• EXERCISE AIM
When you reach the line containing "retro car interior", begin reproducing the lines exactly and continue through the end of the listing, leaving out the pictures.

INFORMATION SUPPLIED section start

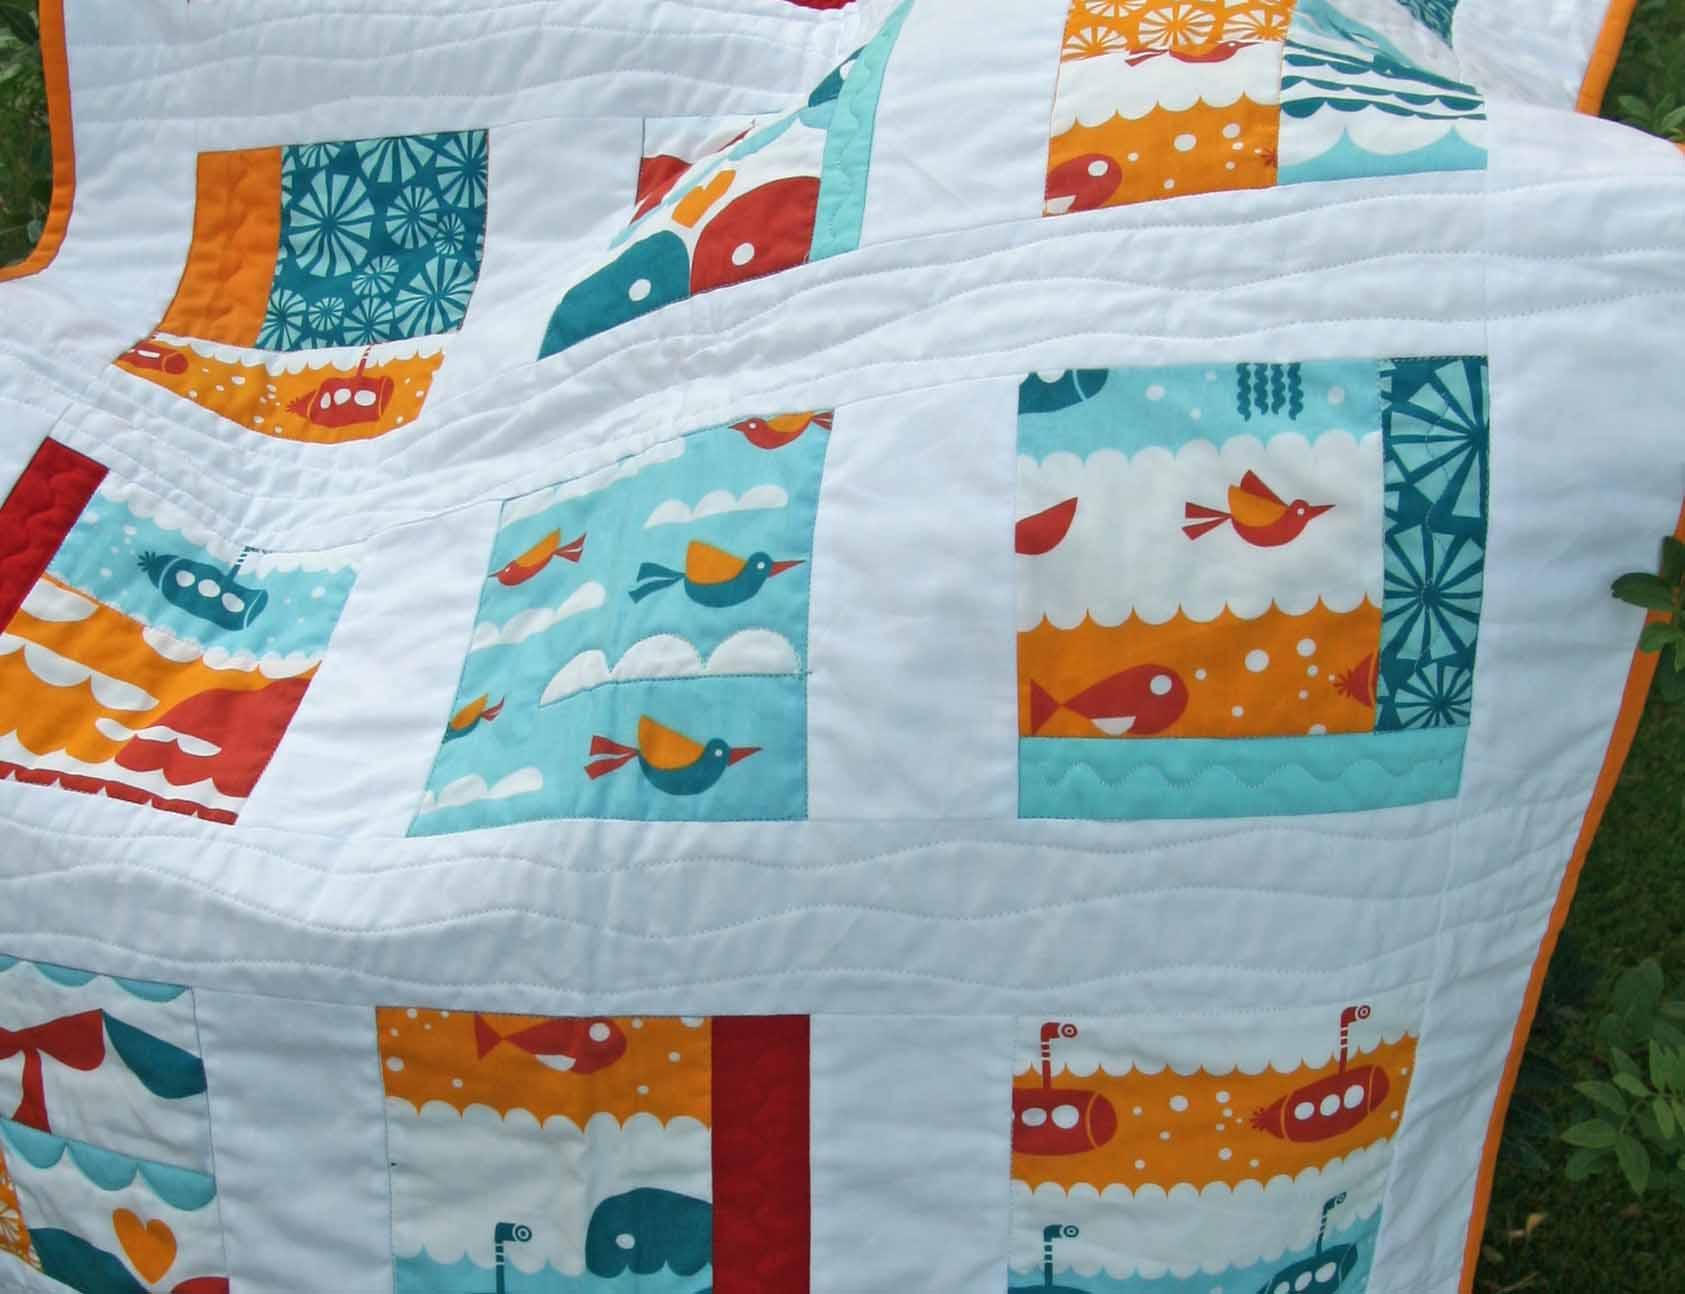 Pin manualidades colcha patchwork para cuna pelautscom on - Colchas patchwork infantiles ...
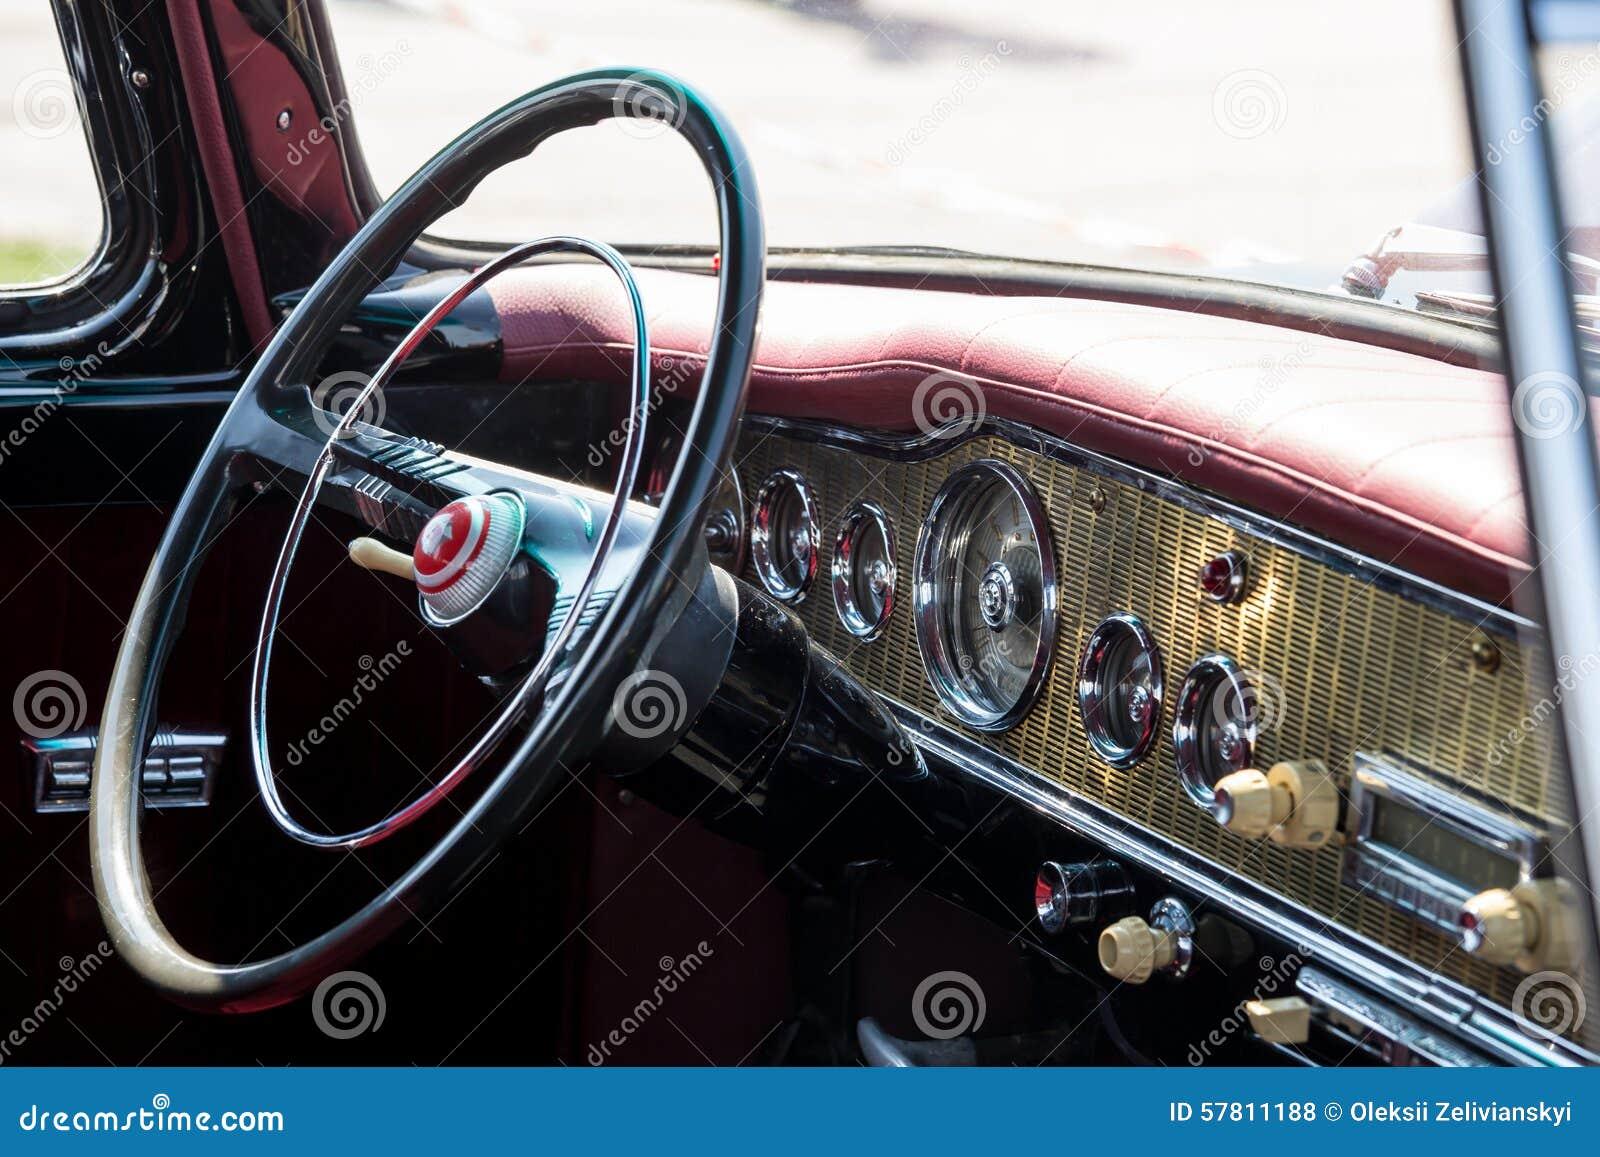 retro car interior stock photo image 57811188. Black Bedroom Furniture Sets. Home Design Ideas
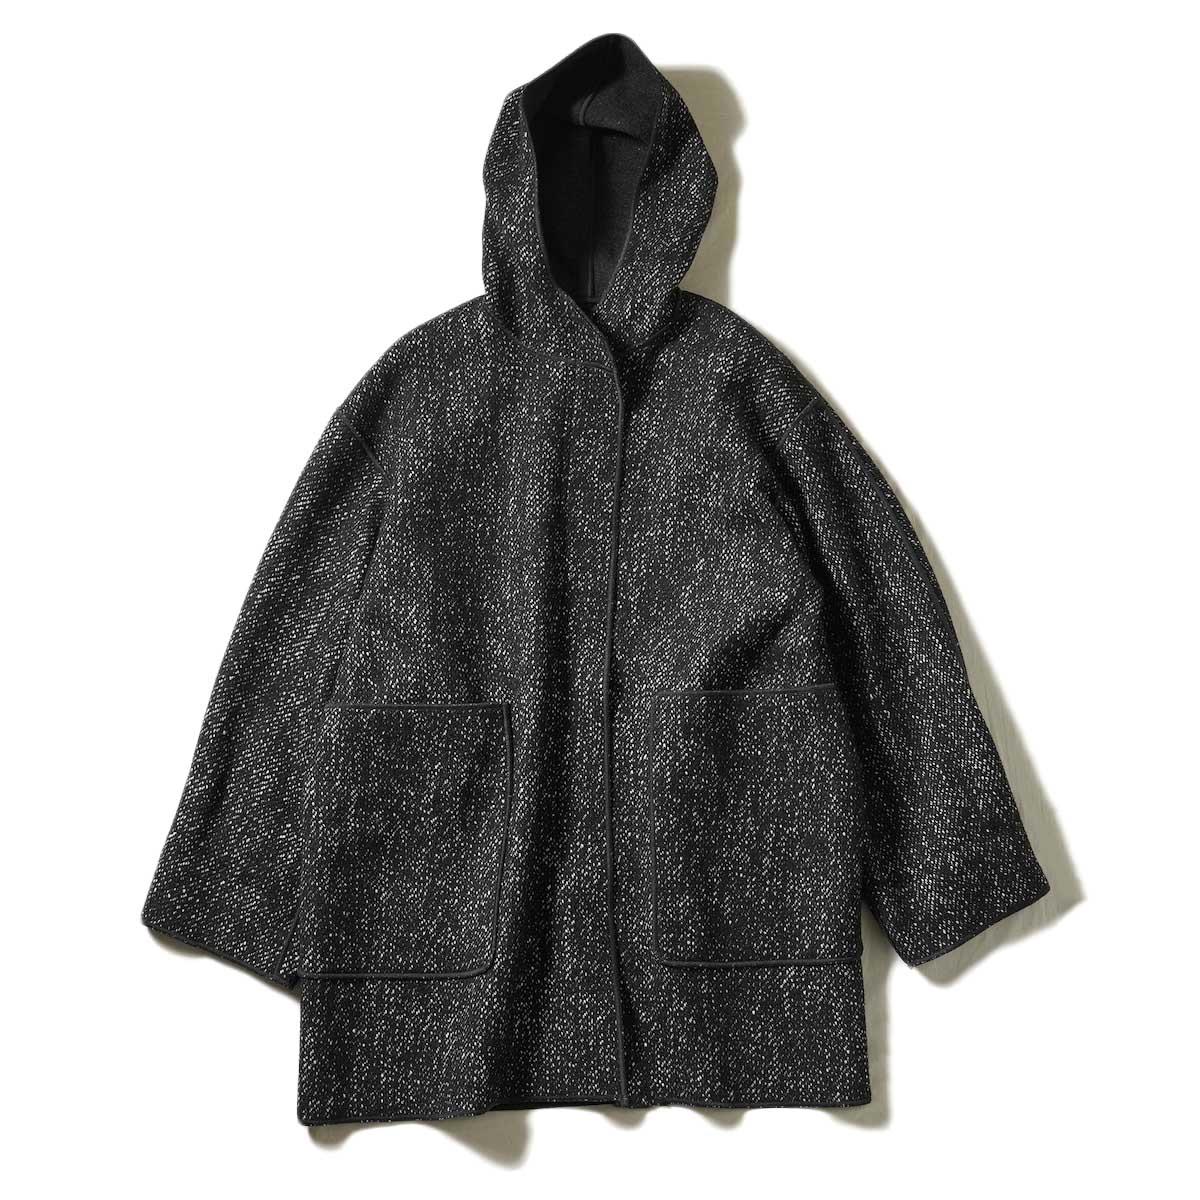 YLEVE / TWEED×WOOL DOUBLE CLOTH RIVERSIBLE COAT (Black)

INFORMATION SUPPLIED section end

• SOLUTION FOR THIS TASK
 retro car interior stock photo image 57811188. Black Bedroom Furniture Sets. Home Design Ideas
 YLEVE / TWEED×WOOL DOUBLE CLOTH RIVERSIBLE COAT (Black)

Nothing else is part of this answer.